Broad Bean, Cumin and Lemon Houmous with Grilled Halloumi

Board bean houmous with lemon and cumin, sat on crispy halloumi on a toasted baguette

Sharp and zingy broad bean houmous sat on crispy halloumi. Delicious on toast as a lunch or an easy starter when impressing friends!

 

"While the broad bean is not a particularly handsome garden plant, I think that most gardeners would agree that it is pretty. Its charm is of the quaint, old-fashioned sort." - Louise Beebe Wilder

Houmous, also spelled as hummus or humus, is a popular Middle Eastern dip or spread made primarily from cooked and mashed chickpeas (garbanzo beans). Here the recipe is adapted to use broad beans, but still maintaining the Middle Eastern feel by combining cumin and lemon.

Houmous is often served as an appetizer or snack with pita bread, crackers, or raw vegetables for dipping. It can also be used as a spread in sandwiches or wraps. In Middle Eastern cuisine, it is a common accompaniment to dishes like falafel and kebabs.

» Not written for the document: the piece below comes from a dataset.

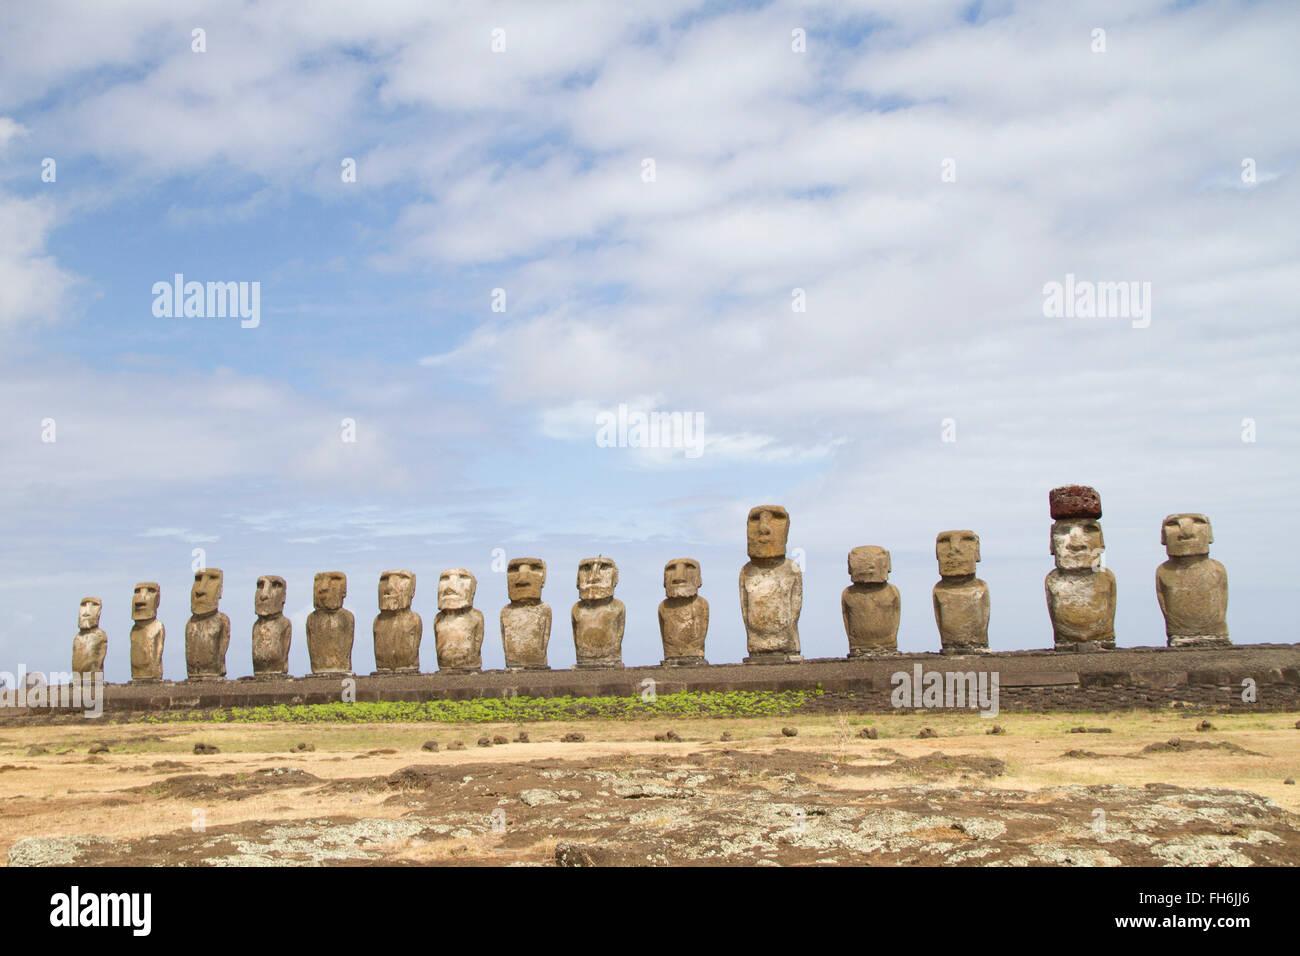 Quinze moai (statues) sur la plate-forme à l'ahu Tongariki l'île de Pâques, Chili Photo Stock

In recent years, houmous has gained widespread popularity for its versatility and health benefits, and it is readily available in supermarkets and restaurants worldwide. It's a delightful addition to any meal or snack and offers a taste of Middle Eastern cuisine's rich and diverse flavors.

Halloumi is a popular semi-hard, brined cheese that originates from Cyprus, an island nation in the Eastern Mediterranean. It is known for its unique texture and ability to be grilled or fried without melting.

Halloumi can be sliced and cooked on a grill or in a pan. The high melting point of the cheese allows it to develop a crispy exterior while maintaining its chewy texture inside. Halloumi holds cultural significance in Cyprus, where it has been produced and consumed for centuries. It's also enjoyed in many other Mediterranean countries and has gained international popularity due to its unique qualities.

In recent years, halloumi has become a trendy ingredient in various cuisines, especially in vegetarian and Mediterranean-inspired dishes. Its versatility, distinctive taste, and ability to hold its shape when cooked have made it a favourite among chefs and home cooks alike.

The combination here of salt, cumin, lemons and coriander is so good! This can be made as a batch, but to be honest, if you know this delicious houmous is sat in your fridge - are you going to smash it all in one go instead!?!

 

Song for this recipe:

Time is now - Moloko

Audiobook for this recipe:

Green Lights - Matthew McConaughey

Ingredients:

  • 250g x Broad beans (can be frozen)

  • 1x tsp Ground cumin

  • 250g x Halloumi, Sliced

  • 1x tbsp water

  • 2x Spring onions

  • 1x tsp Ground coriander

  • 1x tbsp Chopped parsley

  • 2x tbsp Olive oil

  • 1x Baguette, sliced

  • Squeeze of lemon juice

Directions:

  1. Blanch (or microwave if frozen) the broad beans for a couple of minutes until they are just soft.

  2. Drain the beans well and place them in a blender with cumin, coriander, spring onions, water and parsley.

  3. Season well and pulse blitz, you want bite in the houmous - so try not to overblend into a mushy pulp.

  4. Add olive oil and lemon juice to taste and the pulse again.

  5. Toast the baguette slices and grill the halloumi until it’s golden (keep a close eye on it, there is a fine margin between golden and burned!)

  6. Serve the houmous with the halloumi on the toast. Garnish with parsley and a sprinkle of cumin.